• [DATASET EXCERPT]:
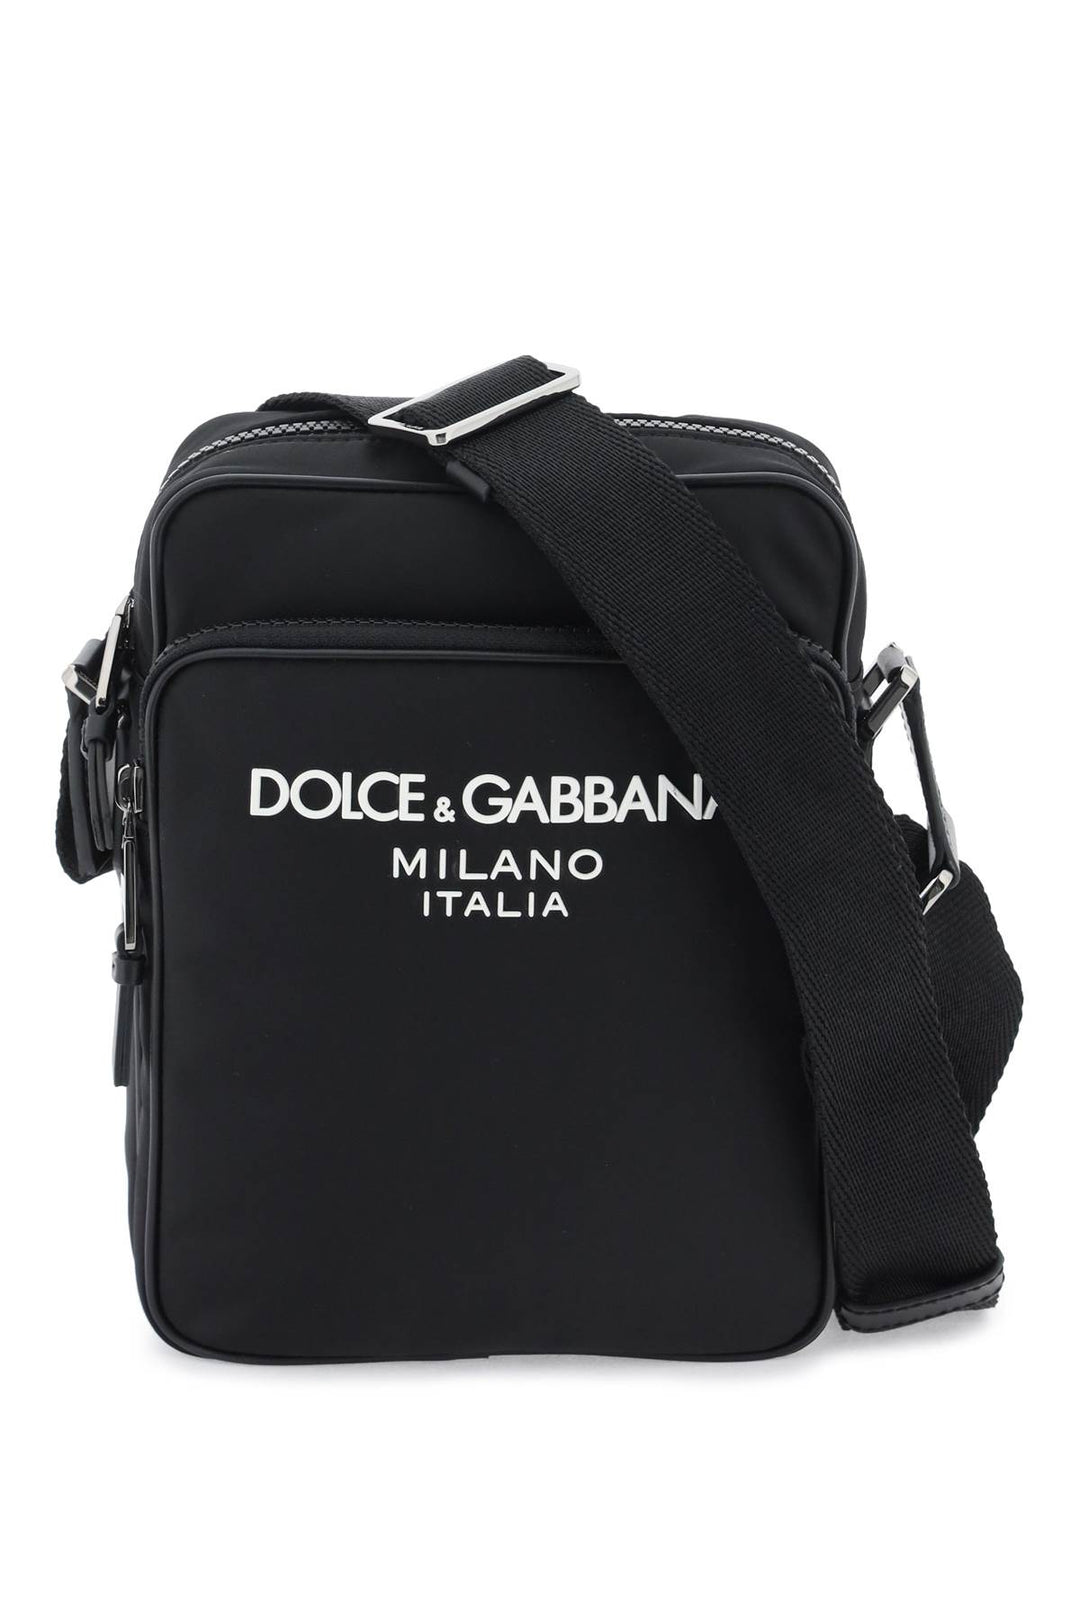 Dolce & Gabbana Nylon Crossbody Bag   Nero
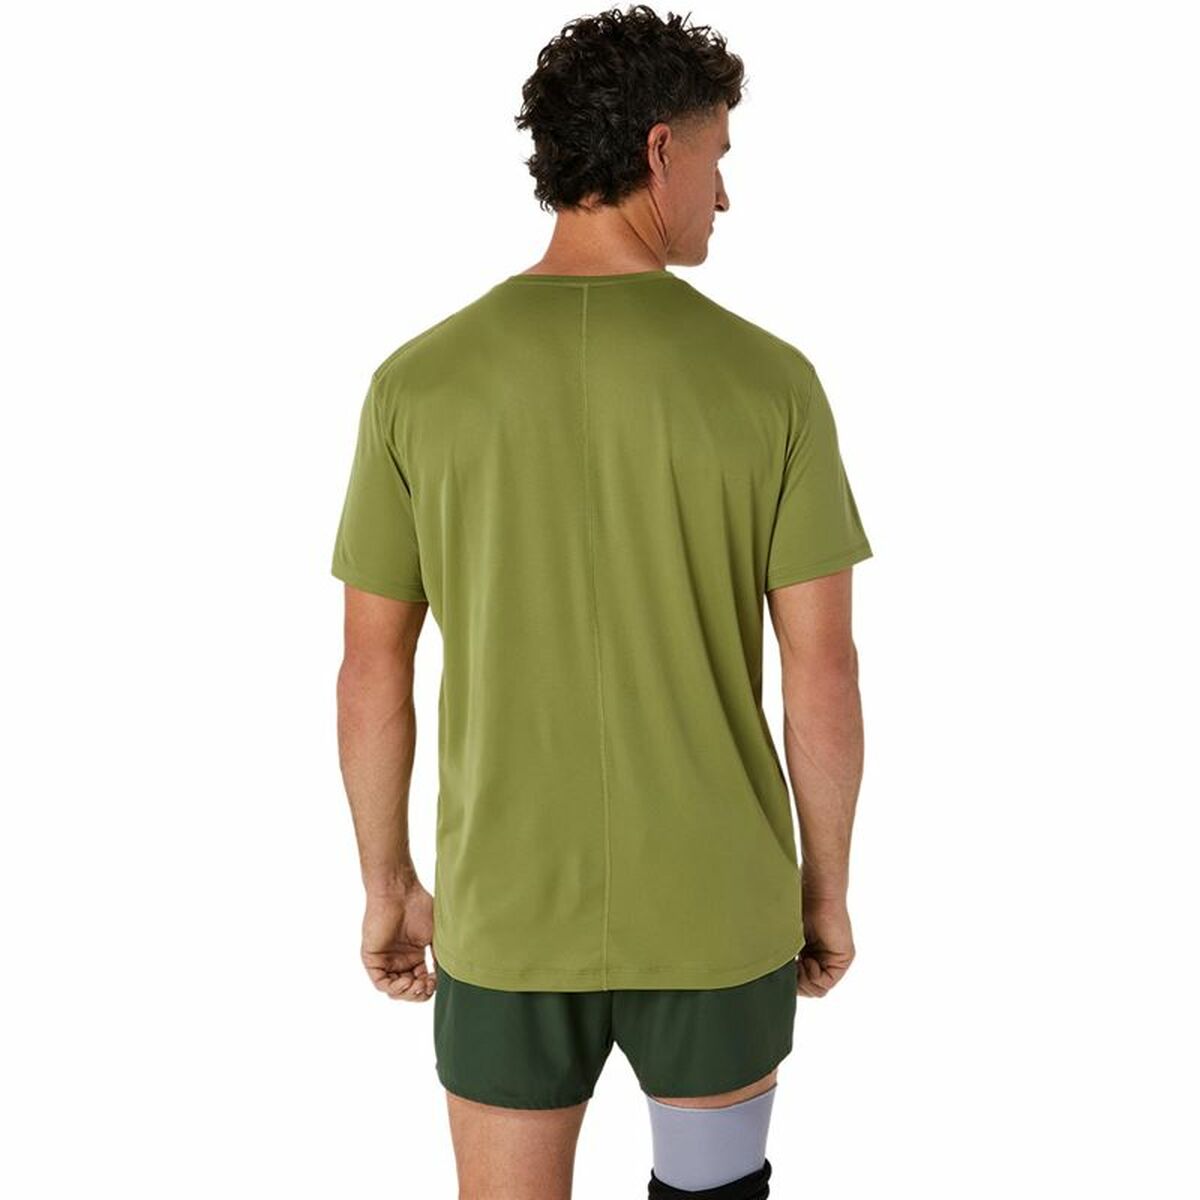 T-shirt à manches courtes homme Asics Core Top  Vert militaire
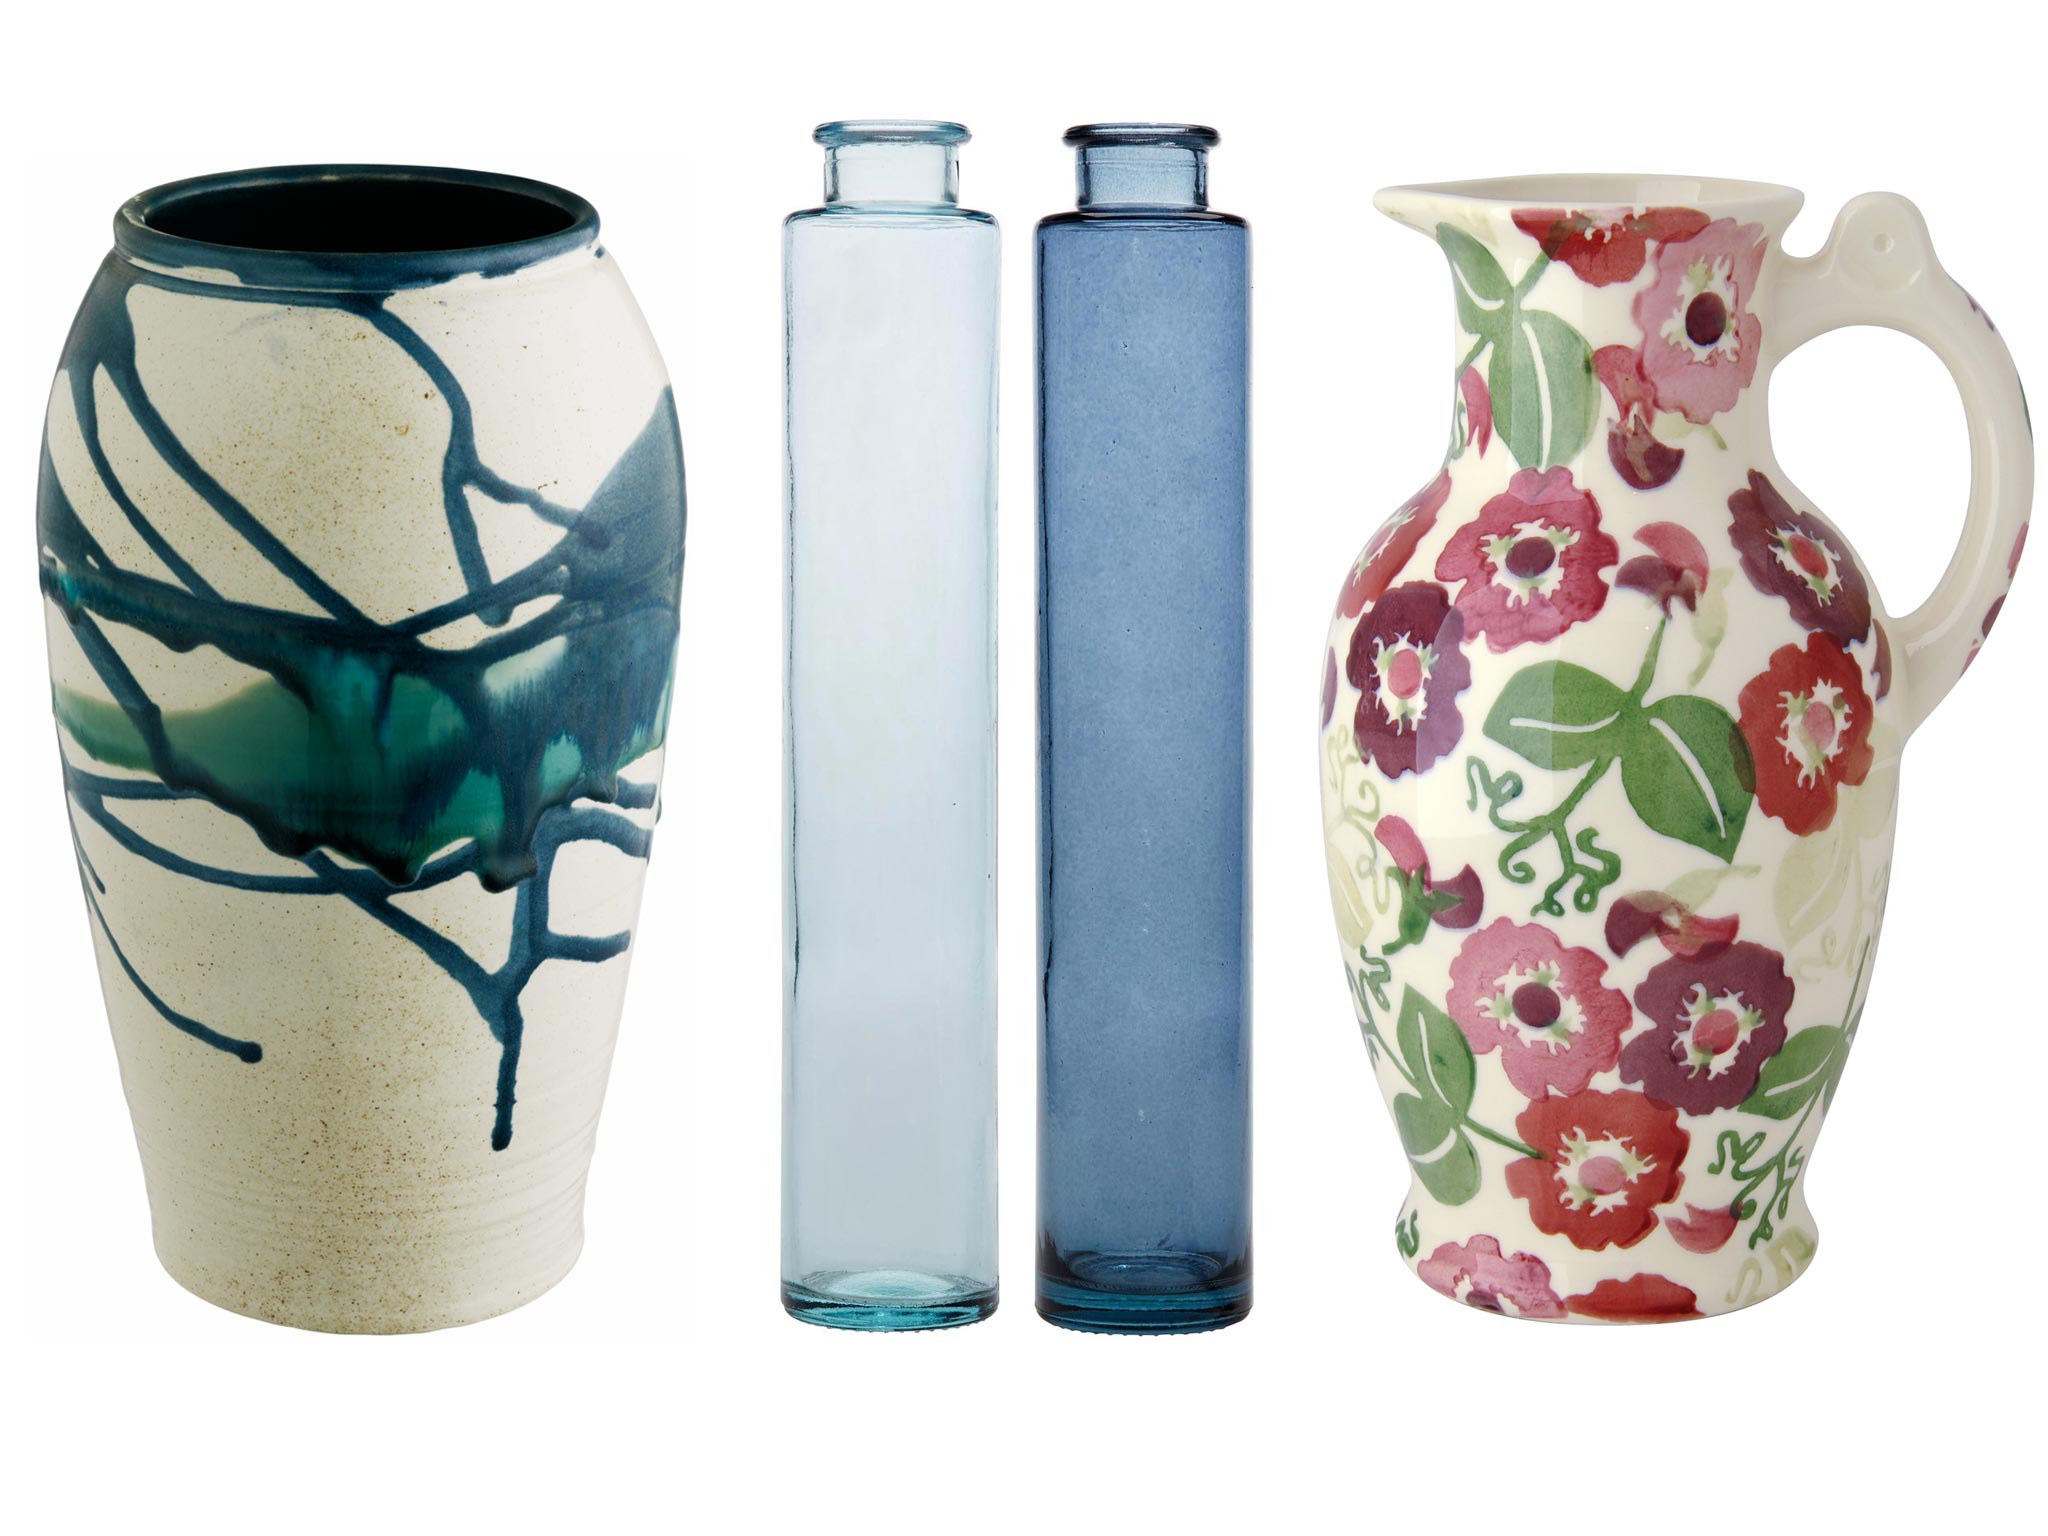 Blooming lovely: 10 best flower vases

• [AIM OF THE EXERCISE]: Find the line containing "T-shirt à manches" in the listing above. Please restate word for word that line through the last one, leaving out the pictures.

• [TASK ANSWER]:
 T-shirt à manches courtes homme Asics Core Top  Vert militaire
 Blooming lovely: 10 best flower vases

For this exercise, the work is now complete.